На кухне при свете лампадки тускло блестела поротая никиткина задница. Он намазал ее деревянным маслом и спал, ничем не прикрывшись. Я легонько пнул его.
— Вставай, мой милый. Просыпайся. Пойдем делить любовь печальной нашей крали.
— Куда? — Изо всех сил пытался проморгаться Никитка.
— К барышне пойдем. В постельку.
Никитка дико взглянул на меня:
— Побойтесь Бога, Евгений Александрович, на что я вам там дался? Срам-то какой!
Я нехотя ударил его по глупой роже с выпученными глазами и лениво произнес:
— Выгоню. Обоих. Сдам в бордель.
Никитка пристально посмотрел на меня и потянулся за портками.
— Оставь. И так красивый.
В сопровождении шлепающего босыми ногами Никитки я не без торжественности проследовал в барышнину спальню. Эжени в испуге села на кровати, натянув на себя простыню. Я иронически поклонился:
— Извольте видеть, сударыня, не осмеливаюсь входить к вам без вашего фаворита. Надеюсь, теперь вы примете меня благосклонно?

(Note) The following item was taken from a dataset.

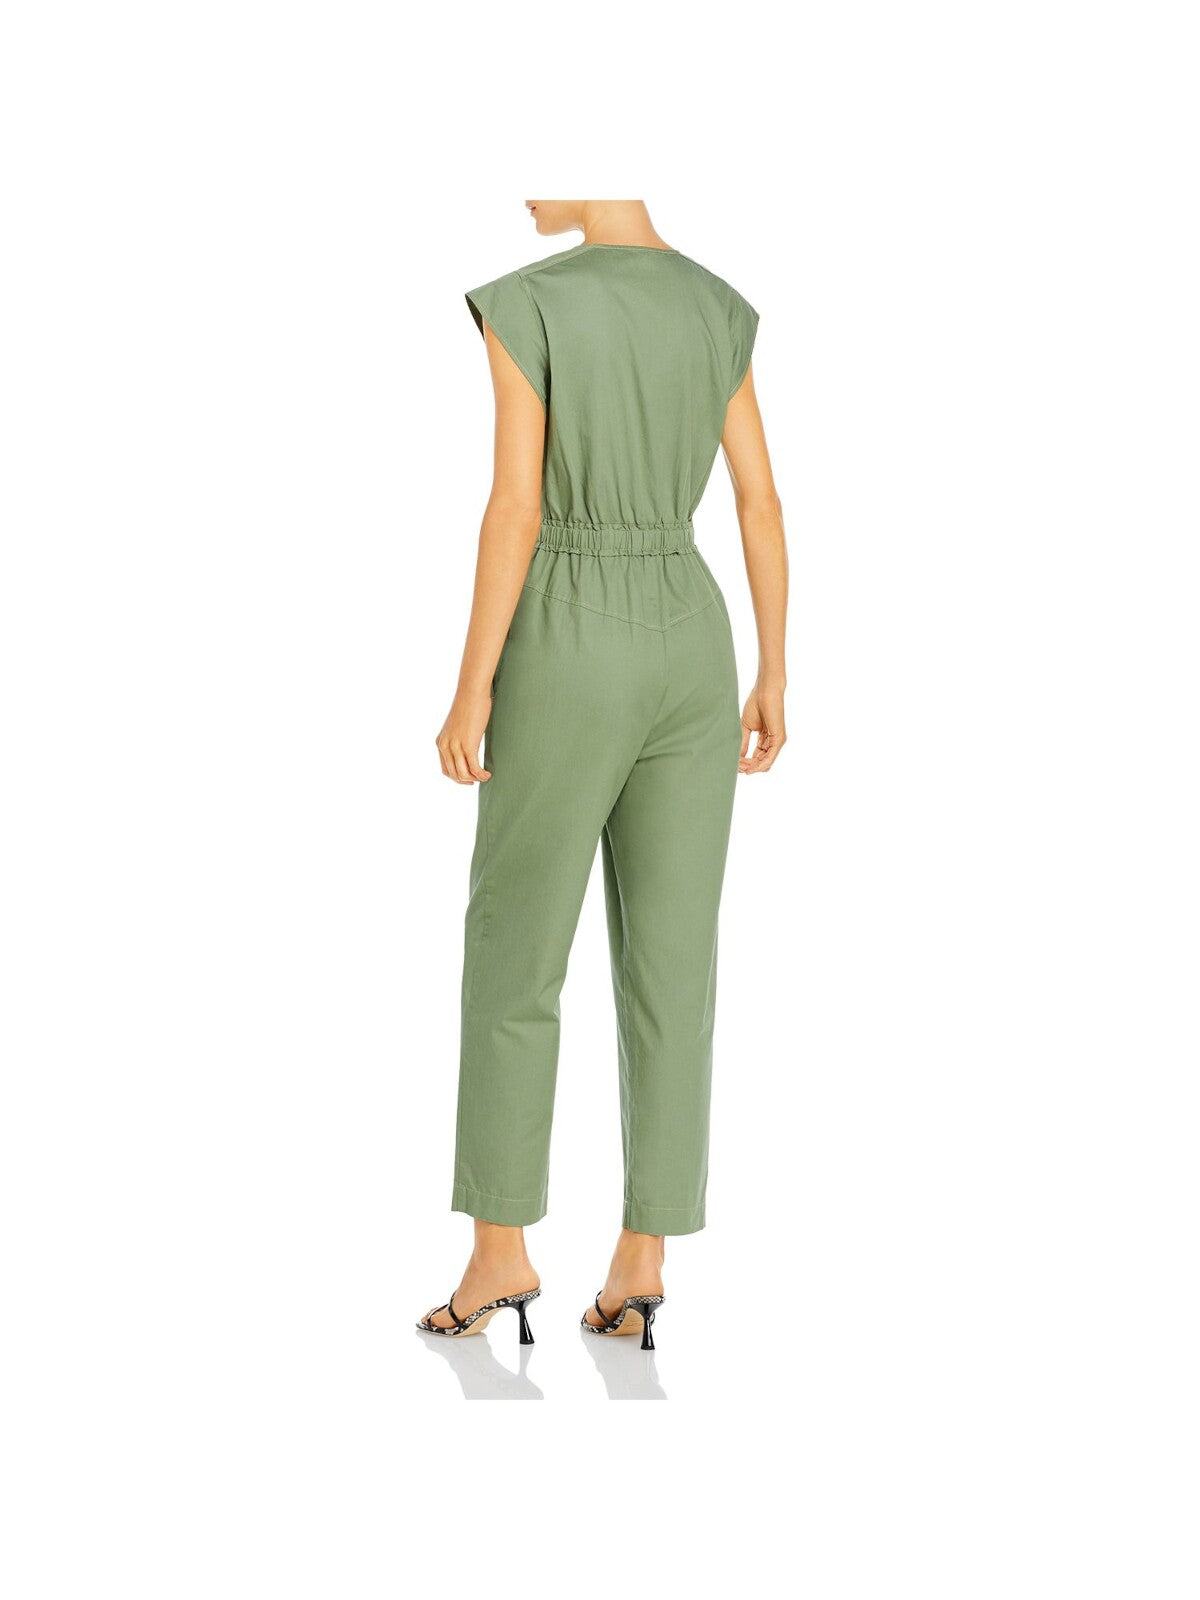 LA VIE BY REBECCA TAYLOR Womens Green Pocketed Tie Button Pleated Drawstring Cap Sleeve Jewel Neck Wear To Work Jumpsuit M

Эжени вскрикнула, попыталась убежать, но я успел перехватить ее и силком уложил обратно.
— Я вижу, сударыня, вы несколько удивлены, но не извольте беспокоиться — он свое дело знает. Получите полное удовольствие... Никитка, что ты там копаешься?
Он не мог справиться с ногами — Эжени сильно брыкалась, но молчала от гордости. Я взглянул ей в лицо — губку закусила до крови, из глаз текут злые слезы. Я почувствовал, как внутри меня что-то содрогнулось от ненависти. Так не пойдет. Еще побью, неровен час.
— Полноте, Эжени! Будьте же благоразумны! К чему сей трагический вид? Вам это не идет! Фи! Совсем не comme il faut.
Звук собственного голоса несколько ободрил меня. Я, наконец, смог испытать к бедной барышне некое подобие человеческого сочувствия. Ведь без этого игра не стоит свеч! Только сострадание может придать утонченную прелесть любовным издевательствам. Либертинаж возник в эпоху гуманизма, причем у его наиболее просвещенных представителей. Он был бы немыслим, скажем, у китайцев, которые относятся к женщине буквально как к подстилке. Для того, чтобы получить настоящее удовольствие от унижения другого человека, нужно, черт возьми, искренне верить в либерте, эгалите, фратерните!
Я сунул руку вниз, туда, где сливались три пары влажных губ, и ущипнул Никитку за язык. Девица лежала холодная, как ветчина. Ну что прикажете с ней делать?
— Никита, держи-ка руки барышне крепче. Толку от тебя никакого!
— Не стерпит она, богом княнусь, не стерпит! Вона какая маленькая — аж сжалась вся. Повремените, батюшка, голубчик! Лучше я вам сам как-нибудь услужу!
— Выискался заступник! Делай, что велят! Ноги сперва привяжи.
— Барышня, милая, простите великодушно! Не видать вам от него пощады! Но может оно и лучше так, а? Может, оно и к лучшему все обернется?
Не переставая причитать, Никитка привязал Эжени за лодыжки к спинке кровати и подсунул ей под бедра подушку.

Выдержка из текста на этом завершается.